No hay margen para las equivocaciones. Los actores de la actividad azucarera, más los gobiernos, deben sentarse en una misma mesa para evitar una catástrofe, similar a la acontecida en 1966. Y Jorge Rocchia Ferro, titular de Los Balcanes y de la Unión Industrial de Tucumán, dice esto no con una mirada apocalíptica, sino de los síntomas que se perciben en el sector azucarero: falta de financiamiento, superproducción y caída de precios, enumera en la entrevista que concedió a LA GACETA.

-¿Cómo está la actividad hoy?

-Tenés dos ingenios que definitivamente ya no muelen esta temporada.
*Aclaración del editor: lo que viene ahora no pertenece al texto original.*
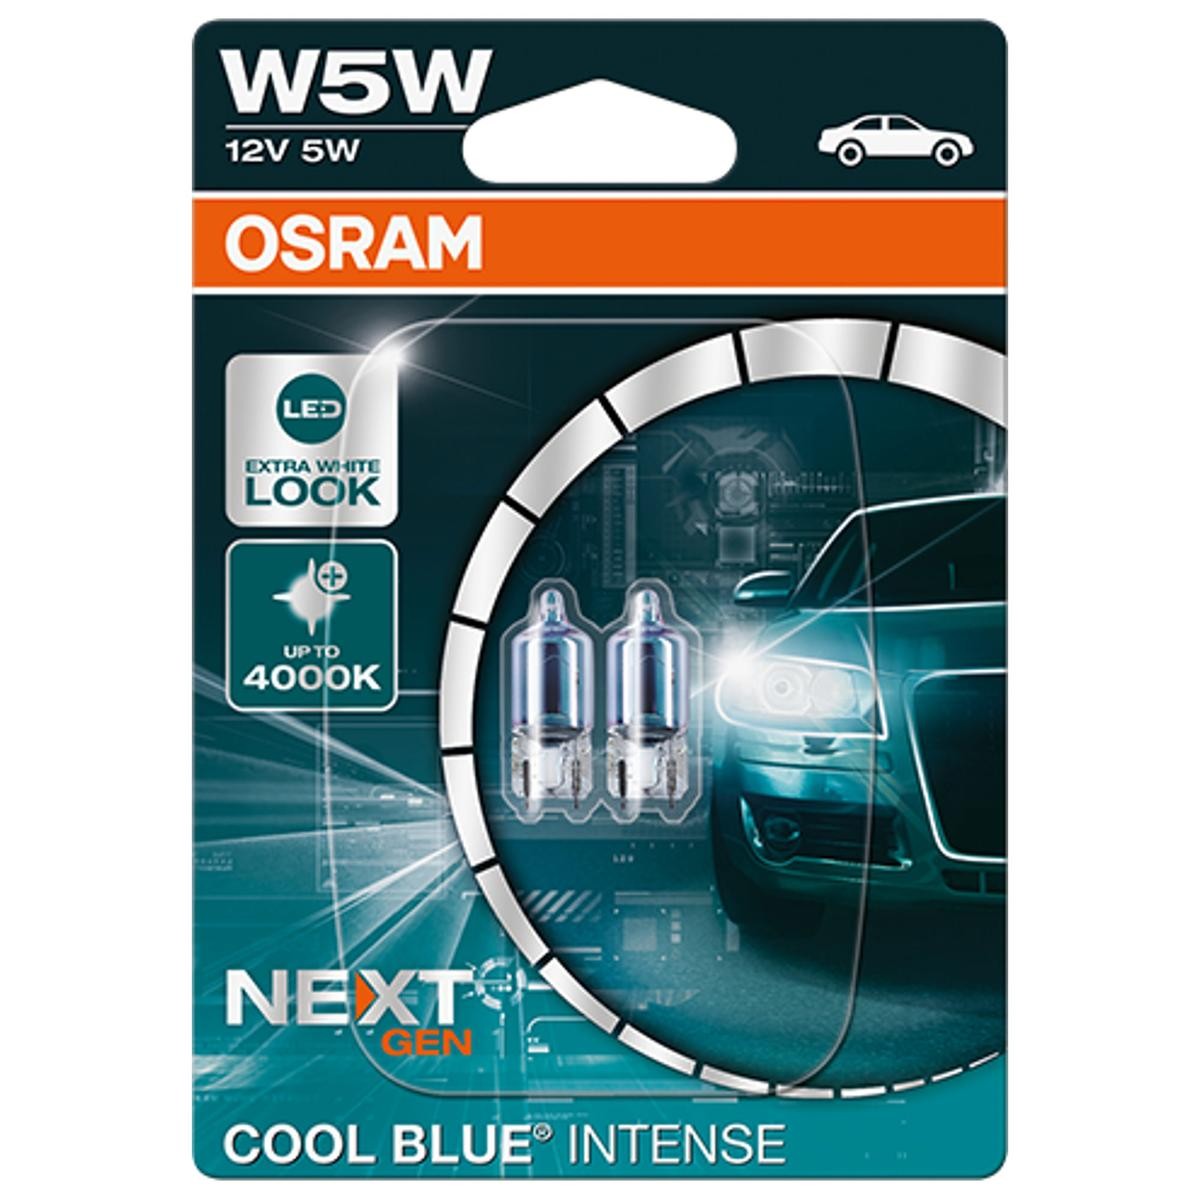 VESPA LX Blinkerbirne 12V 5W, W5W OSRAM COOL BLUE INTENSE next Generation 2825CBN-02B

El financiamiento es cero y no hay warrants. La presión tributaria es tremenda. Tampoco tenés un escenario de confianza. Vemos que empresas importante como Balcarce y tantas otras están en concurso. La cadena de pago está absolutamente rota y no sabés a quién le vas a vender el azúcar. El precio del bioetanol está caído y en el medio nos han cambiado entre siete y nueve veces la fórmula. Un panorama hacia adelante que no sabemos si la totalidad de los ingenios (hay 15 en la provincia) va a moler todos, en un mercado en el que el mundo te exige ser más competitivo y eficiente. Para lograr eso hay que invertir y hoy no muchos están en condiciones de hacerlo. La ley del bioetanol termina en 2021. Vamos a tener que competir probablemente con el alcohol de Brasil.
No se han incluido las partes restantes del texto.